ACTION ITEM: Beginning with the line that holds "Accessori Gratis su", output every remaining line of the material below exactly, and include none of the pictures.

SUPPLIED INFORMATION:

• • •

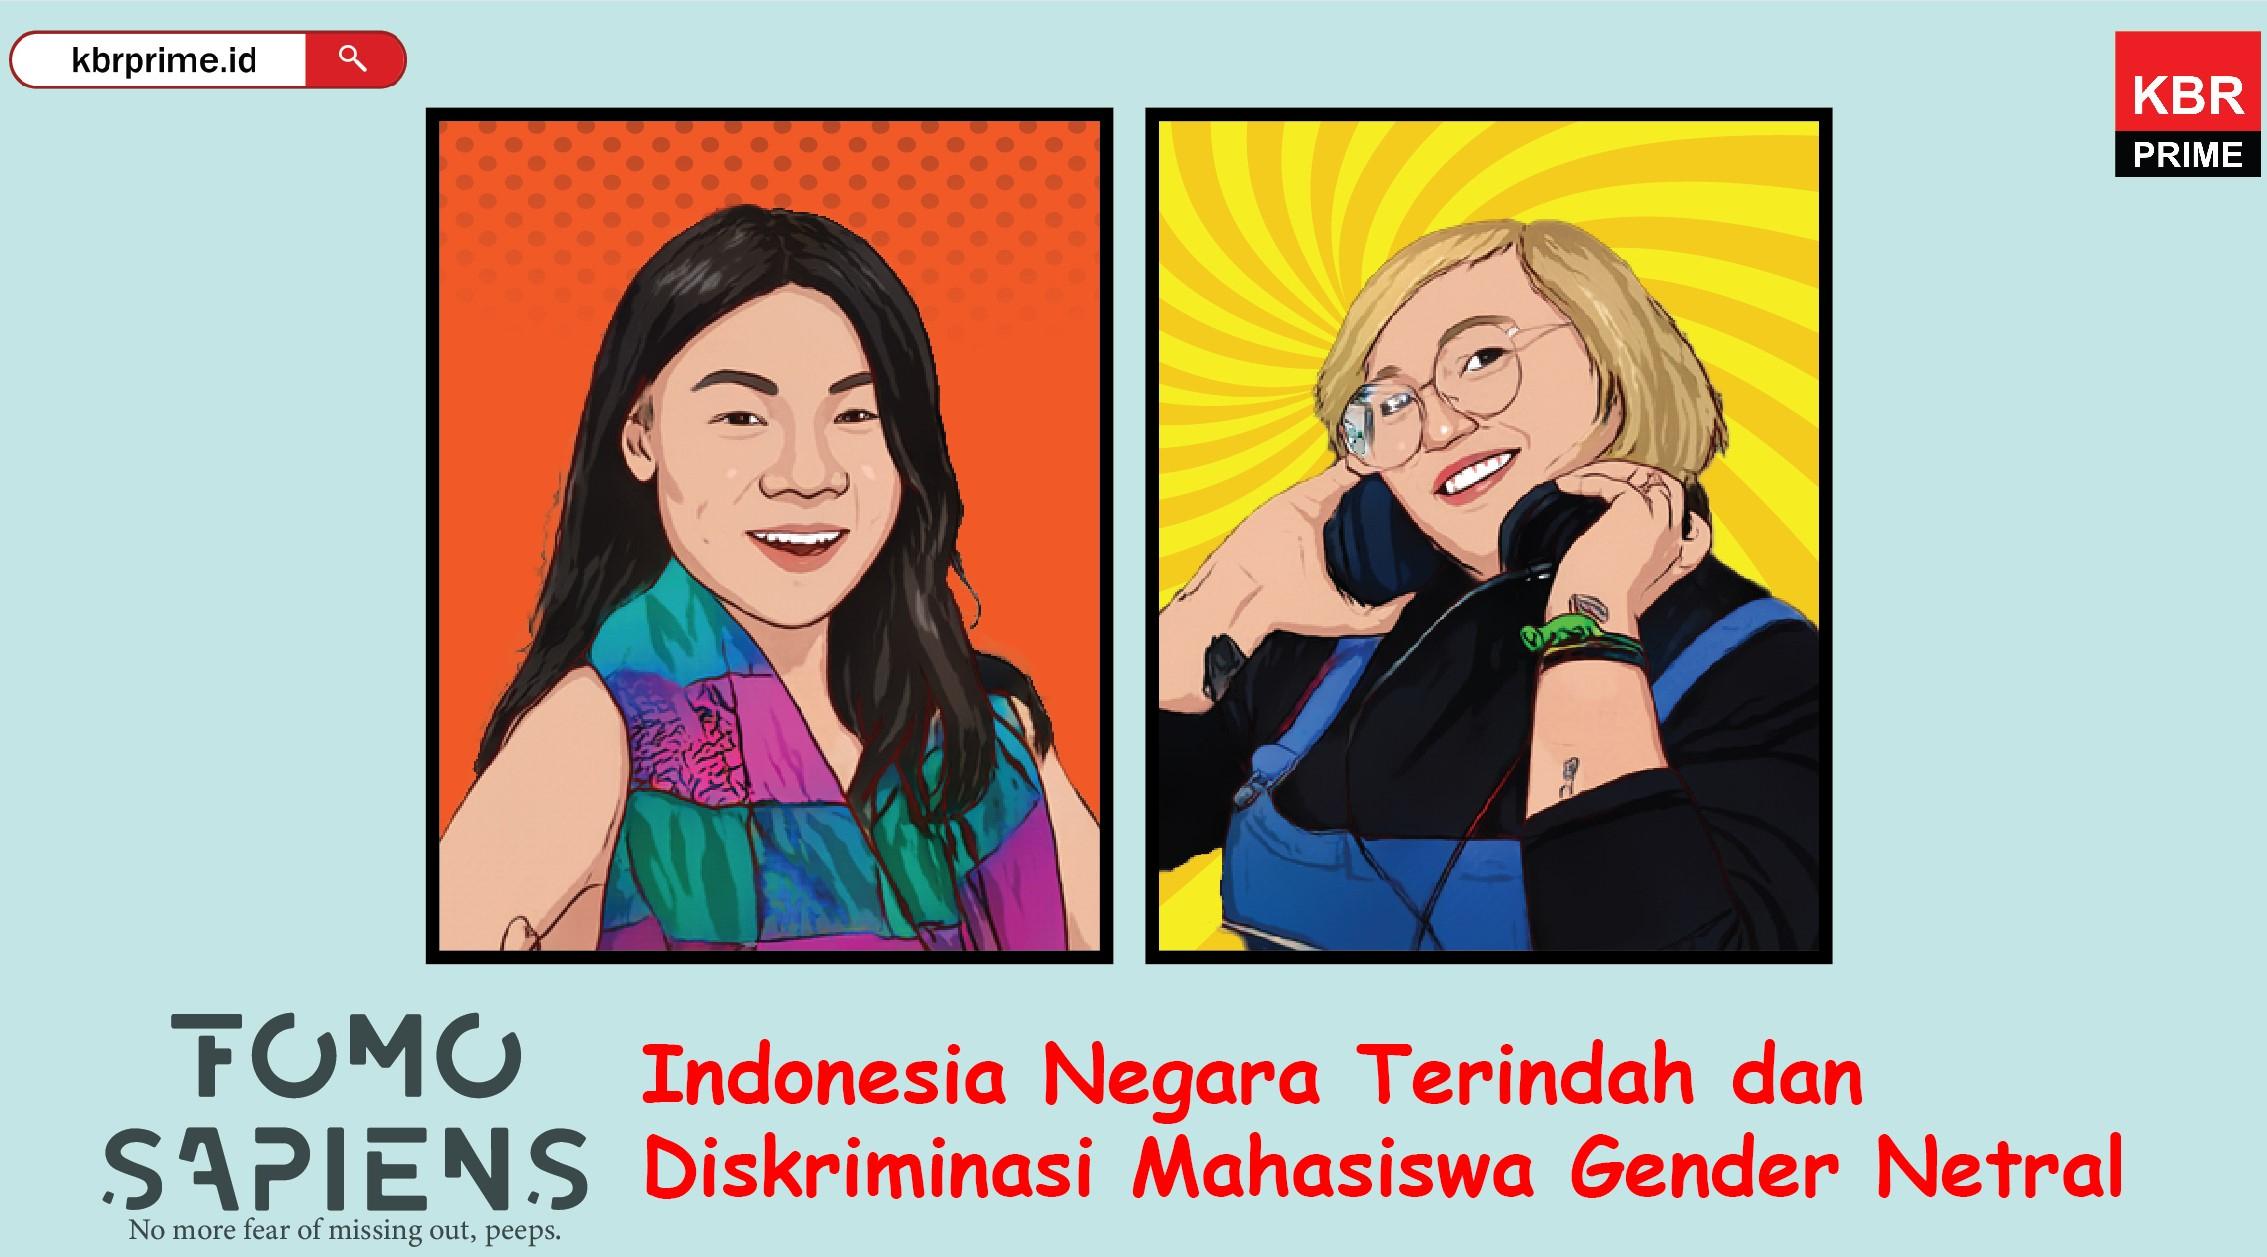 FOMO Sapiens : Indonesia Negara Terindah dan Diskriminasi Mahasiswa Gender Netral
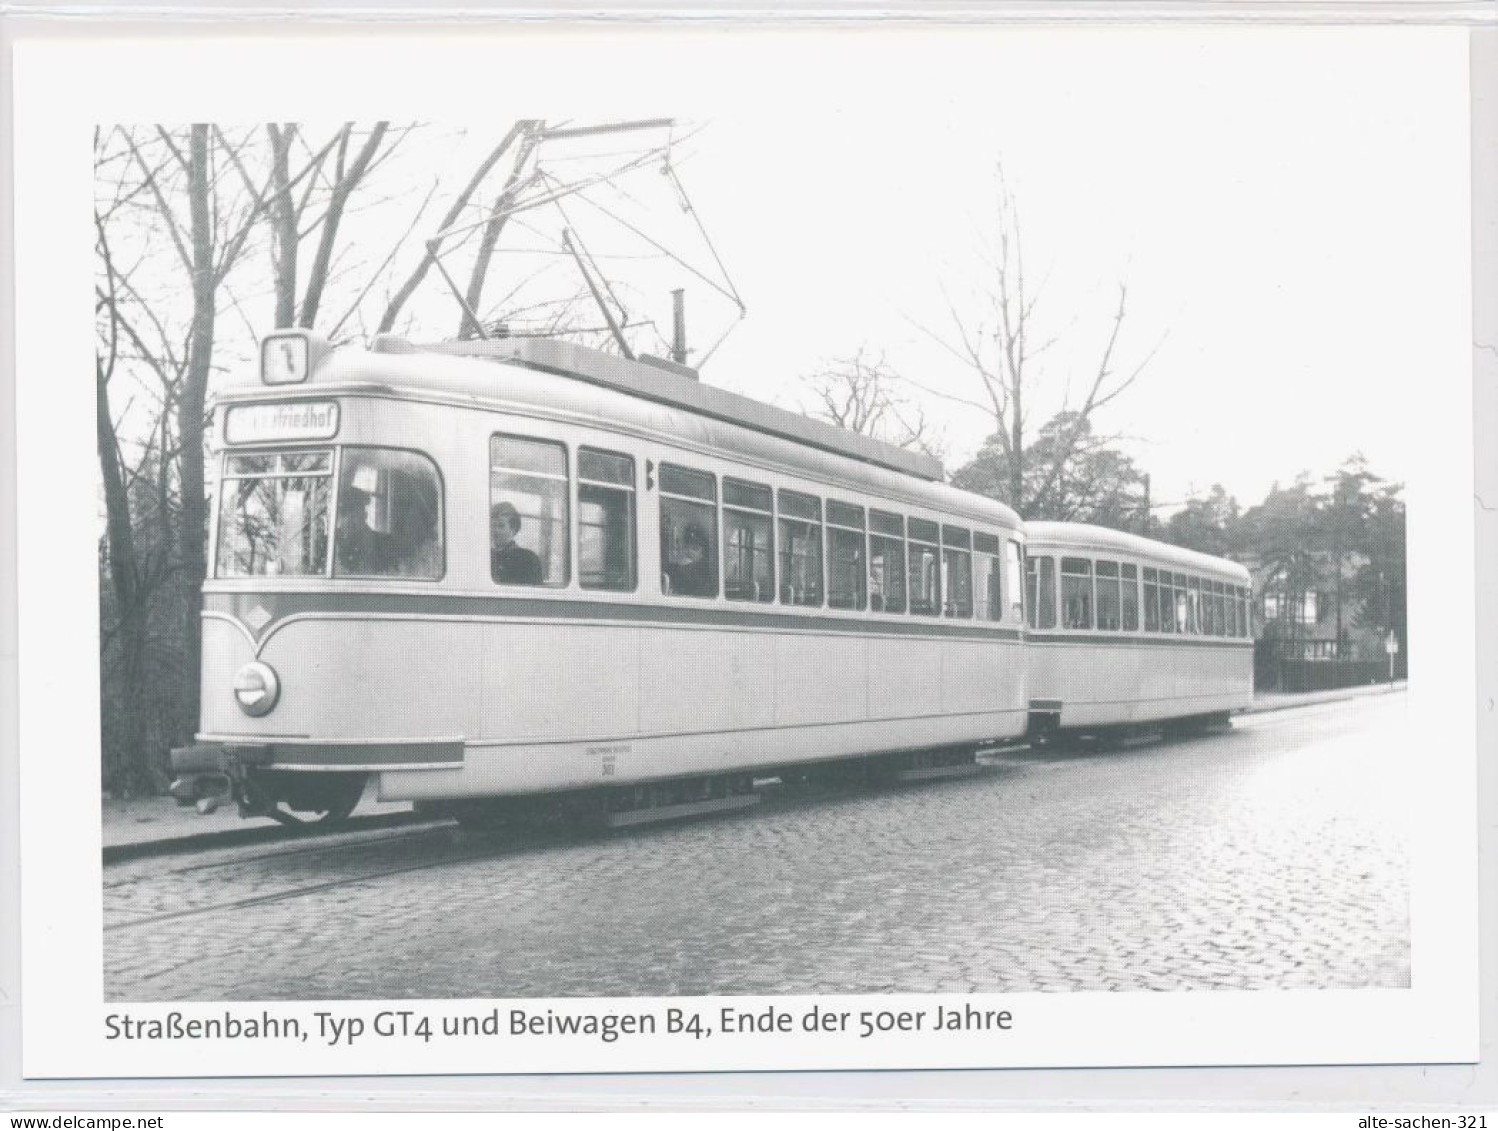 10 AK Straßenbahn Stadtbahn Bielefeld 1915 - 1990 Repro-Serie von 2006 (15 Jahre Stadtbahn)
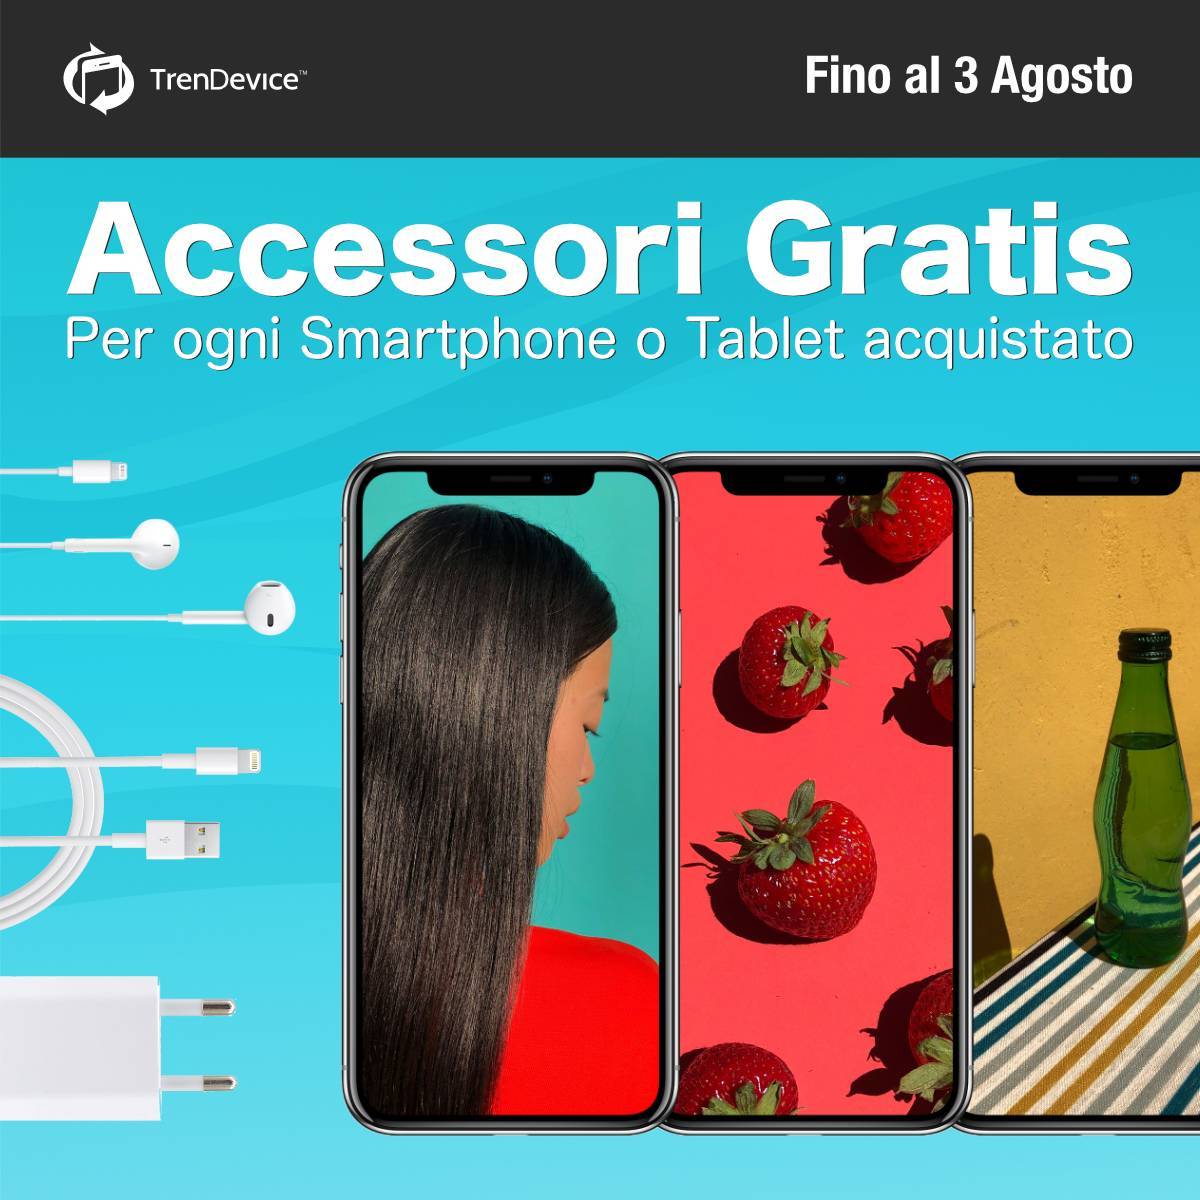 Accessori Gratis su TrenDevice: per ogni smartphone o tablet acquistato, in omaggio gli auricolari, il cavo e l’alimentatore. Fino al 3 Agosto. 1
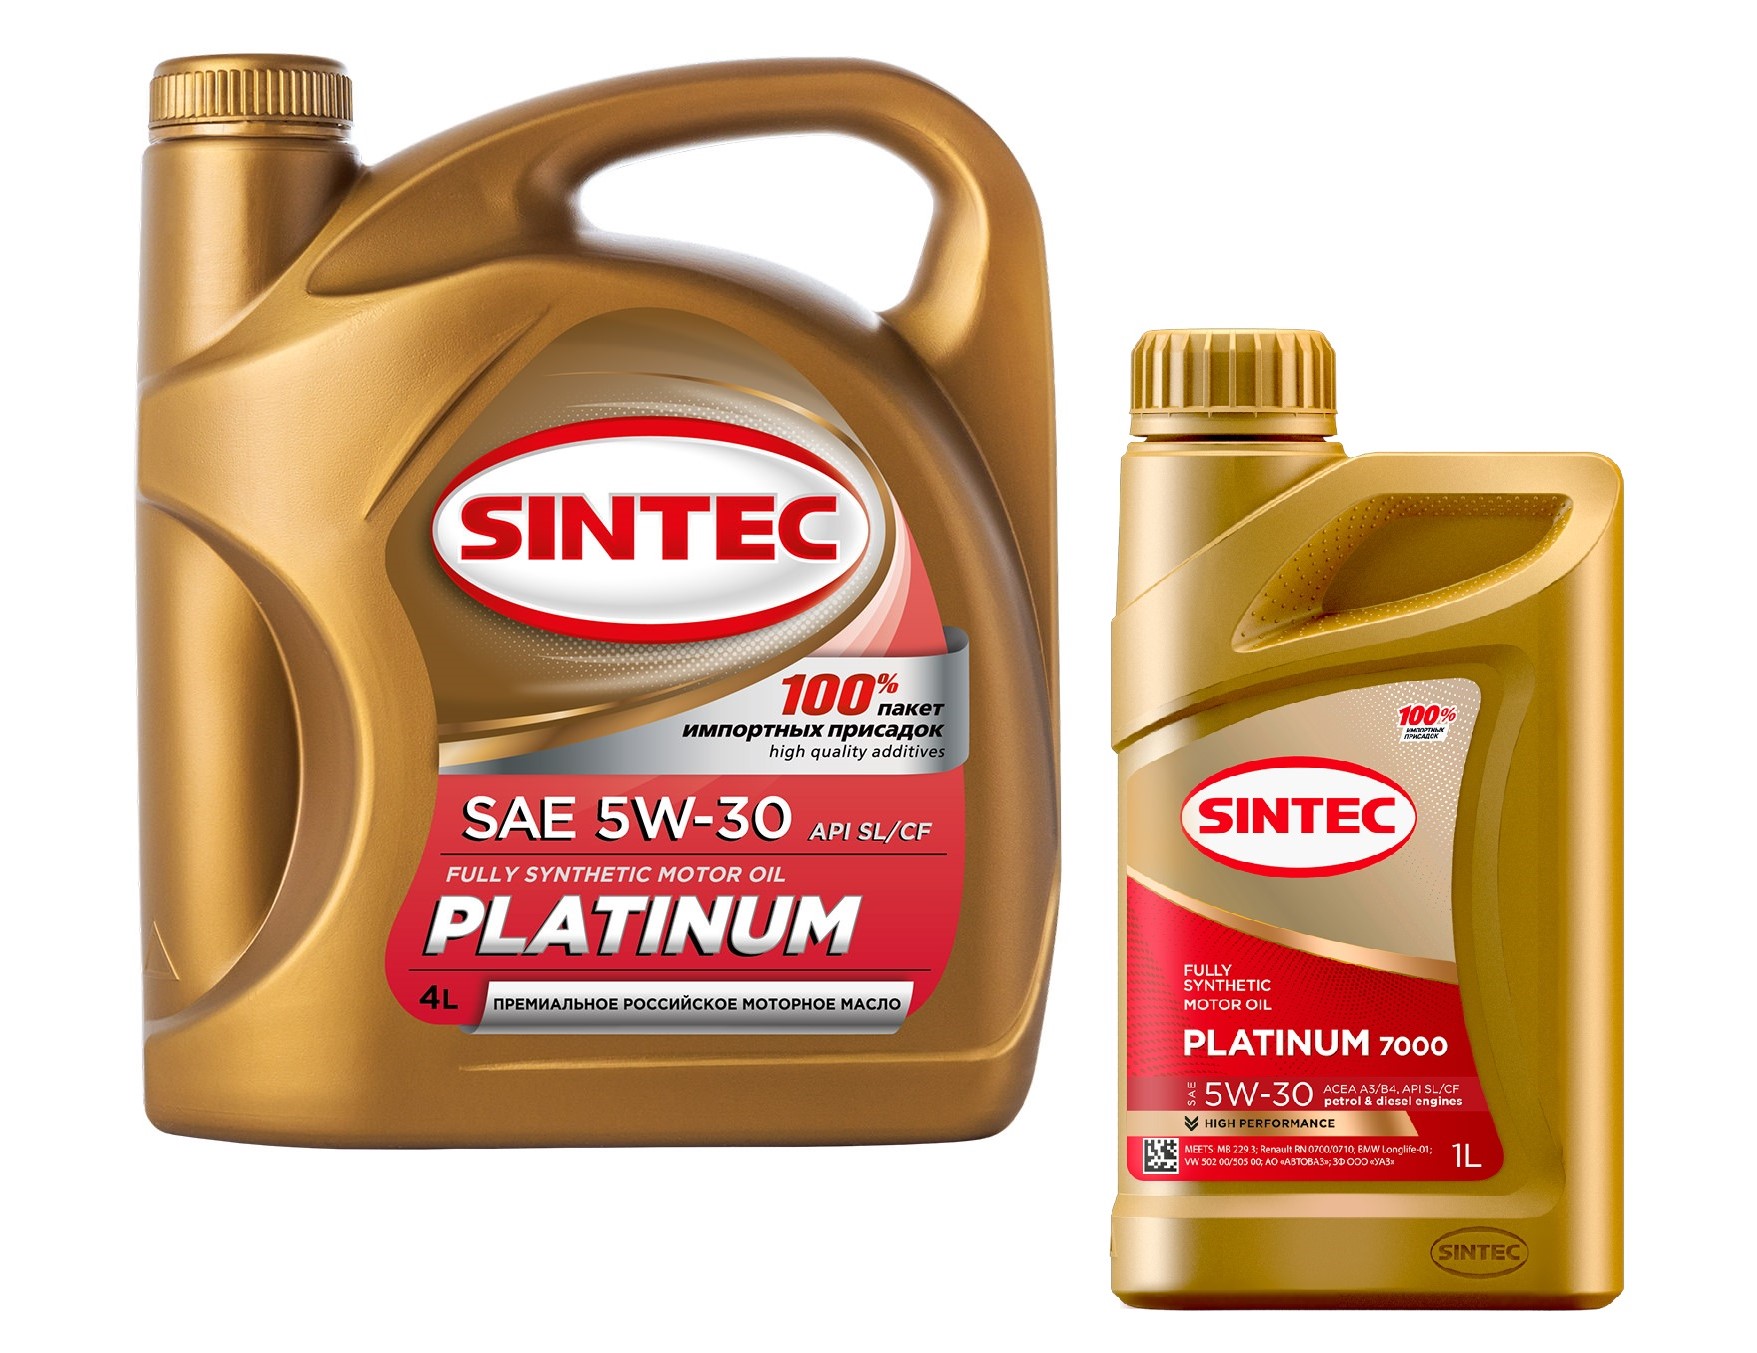 Sintec масло моторное Platinum 7000 SAE 5w-30 API SL/CF 4л. Sintec Platinum 5w-30. Sintec Platinum 5w-40. Масло Синтек платинум 7000.

• • •

ANSWER TO THE EXERCISE:
 Accessori Gratis su TrenDevice: per ogni smartphone o tablet acquistato, in omaggio gli auricolari, il cavo e l’alimentatore. Fino al 3 Agosto. 1
 Sintec масло моторное Platinum 7000 SAE 5w-30 API SL/CF 4л. Sintec Platinum 5w-30. Sintec Platinum 5w-40. Масло Синтек платинум 7000.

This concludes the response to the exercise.